Import flow ZIP file
Steps:
Export the flow from the source system. See Export Flow.
Login to the import system, if needed.
Click Flows.
From the context menu in the Flow page, select Import Flow.
Tip
You can import multiple flows (ZIP files) through the file browser or through drag-and-drop. Press
CTRL
/COMMAND
+ click orSHIFT
+ click to select multiple files for import.Select the ZIP file containing the exported flow. Click Open.
Flow mappings
When you import a flow into a new project or workspace, you may need to remap the connections and environment parameters to corresponding objects from the import.
Note
This feature may need to be enabled in your project by an administrator. For more information, see Dataprep Project Settings Page.
Tip
For future reference, it may be helpful to take a screenshot of this screen, if you cannot complete all mappings through the dialog.
Review environment parameter mappings
If the exported flow contains references to environment parameters, which can appear in paths to imported datasets or output objects, then these references must be mapped to environment parameters in the new project or workspace. In the Parameters pane, you can review the set of environment parameters referenced in the exported flow. These must be mapped to environment parameters in the new project or workspace. A Warning icon next to an environment parameter indicates that the parameter does not exist as named in the import environment.
Note
Environment parameters can be created by an administrator only.
For each environment parameter, you can do one of the following:
Select the environment parameter to which to map it from the drop-down on the right side, OR
Write down the name and default value of the environment parameter for creation in the import environment.
For more information on creating environment parameters, see Environment Parameters Page.
For more information on parameters in general, see Overview of Parameterization.
Review connection mappings
Any connection referenced in the exported flow or reference datasets must be mapped to a connection in the import workspace or project.
Note
The exported flow may contain references to upstream flows and sources. These references may need to mapped during the import process.
Note
After import, you may be required to resolve connectivity issues, if the remapped connections do not provide the required access to sources and outputs.
For each connection:
Select the connection to which to map it from the drop-down on the right side, OR
Write down the name of the source connection. In the source flow, you must acquire the connection information and use it to create a replacement connection in the new project or workspace.
Connection type is supported in product edition of target workspace or project.
Access to same database or datastore. Access must be read or read/write depending on flow.
Credentials in use are same or have same access levels.
For more information, see Connections Page.
Review SQL script connection mappings
If your flow contains SQL scripts that are executed before or after job execution, you can remap the connections from the old environment into the new one.
Finishing up
To complete the import process, click Confirm.The flow is imported and available for use in the Flows page.
Post-import
If you were unable to complete mappings through the dialog:
You may need to reconnect your imported datasets to data sources that are available in the new workspace or project. See Reconnect Flow to Source Data.

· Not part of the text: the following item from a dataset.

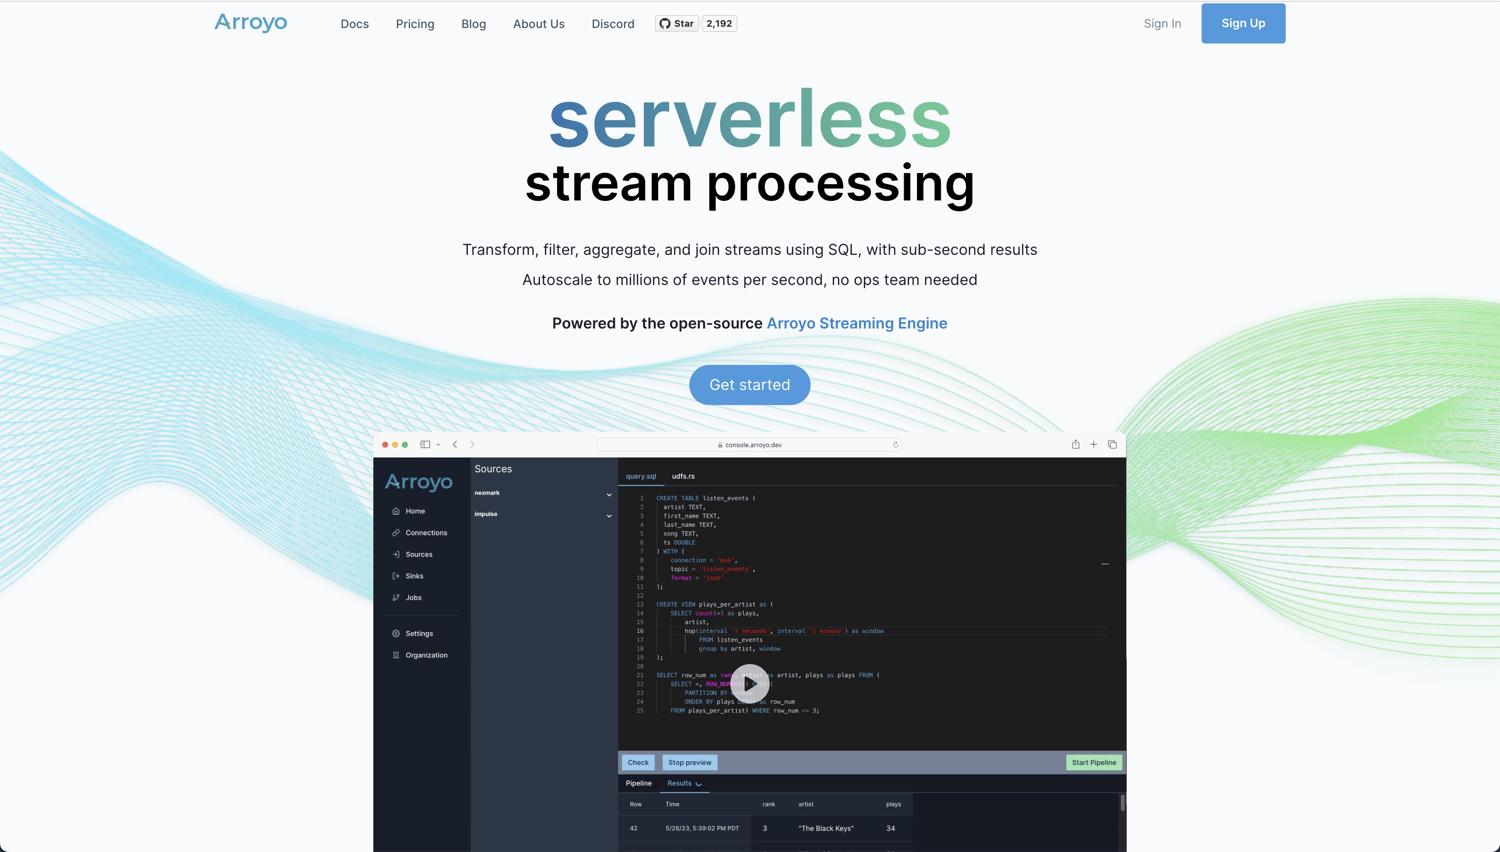 Arroyo serverless stream processing homepage

You may also need to reconnect your outputs. See Reconnect Flow to Outputs.
An administrator may need to create environment parameters for you. See Environment Parameters Page.

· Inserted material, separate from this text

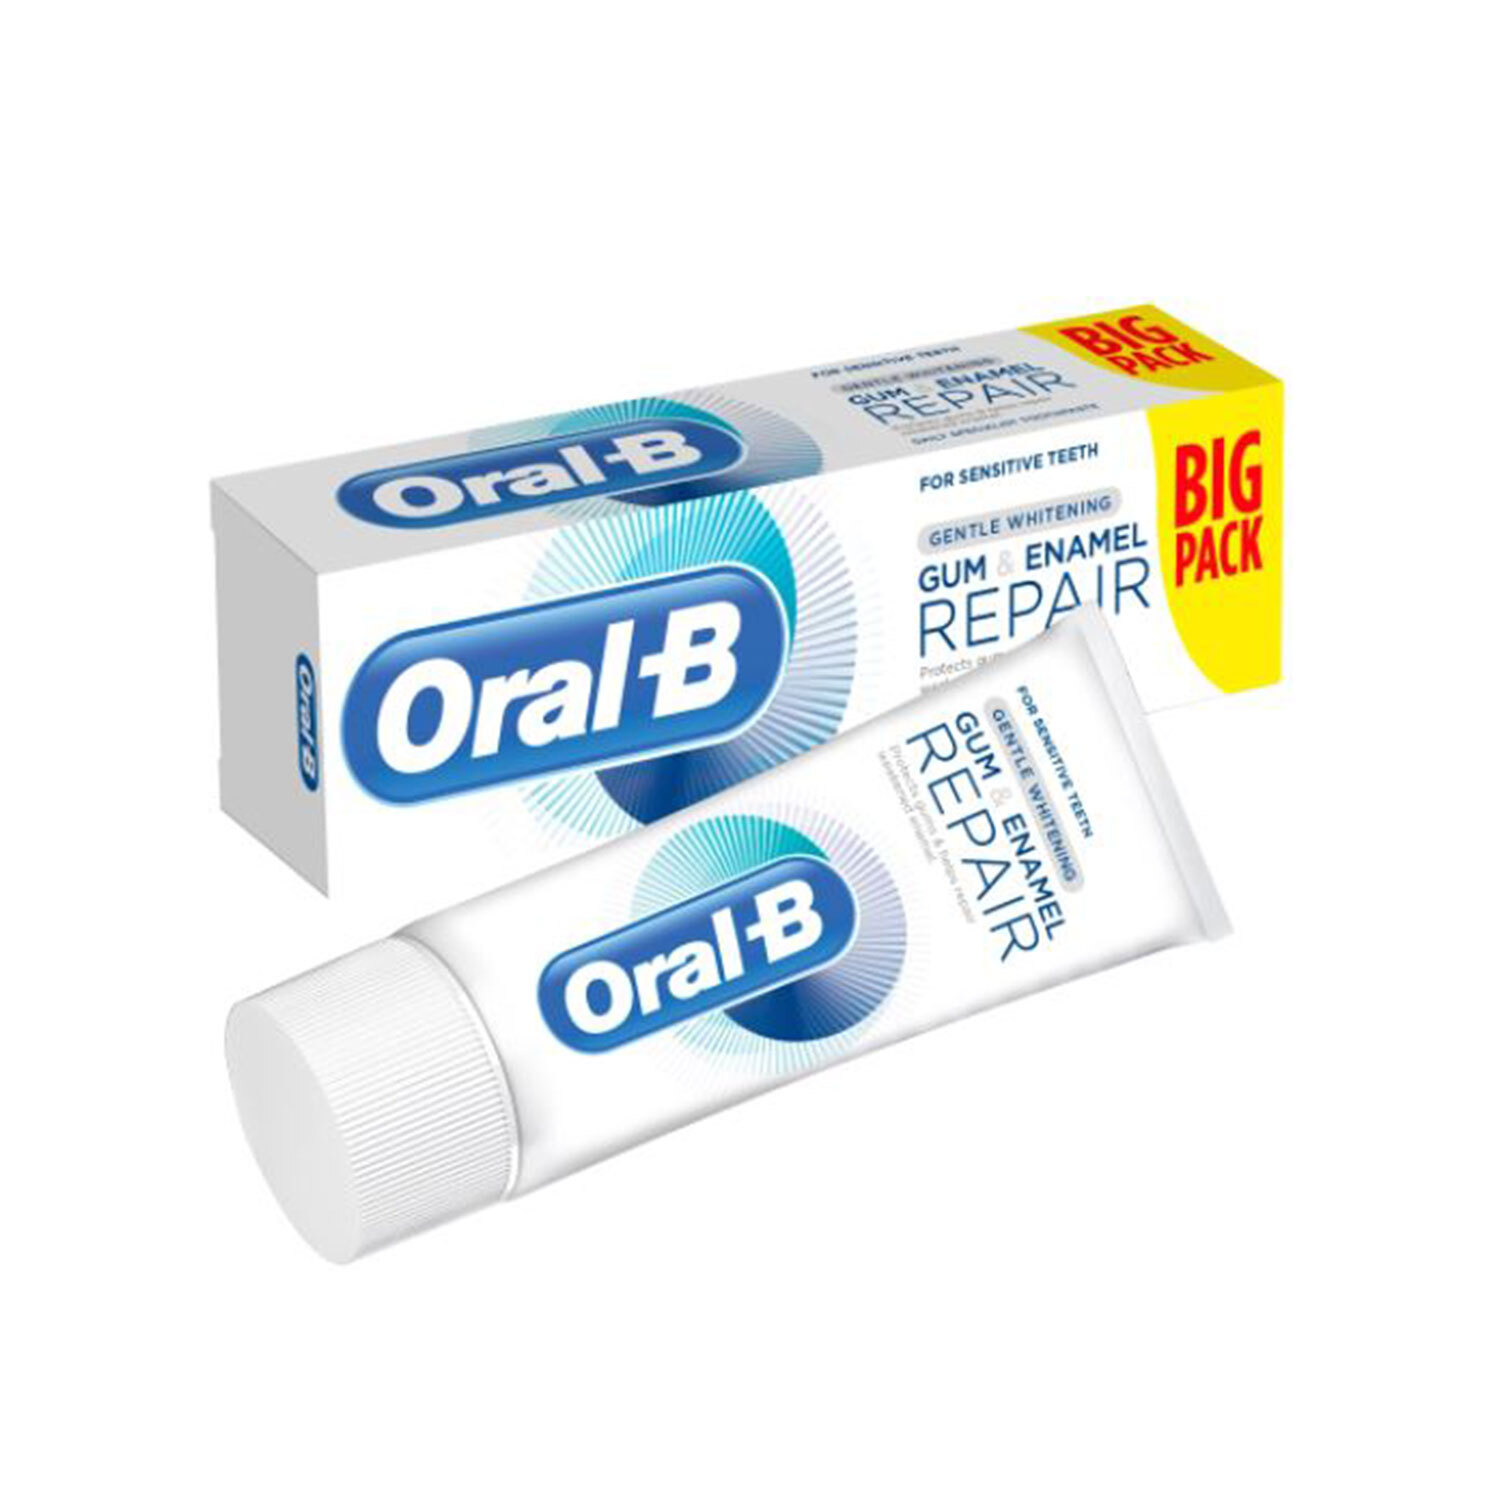 Oral-B Gum and Enamel Repair Gentle Whitening Toothpaste Image 1

Samples are not included in an exported flow. Samples must be recreated in the new project or workspace. See Samples Panel.
Note
If you have imported a flow from an earlier version of the application, you may receive warnings of schema drift during job execution when there have been no changes to the underlying schema. This is a known issue. The workaround is to create a new version of the underlying imported dataset and use it in the imported flow.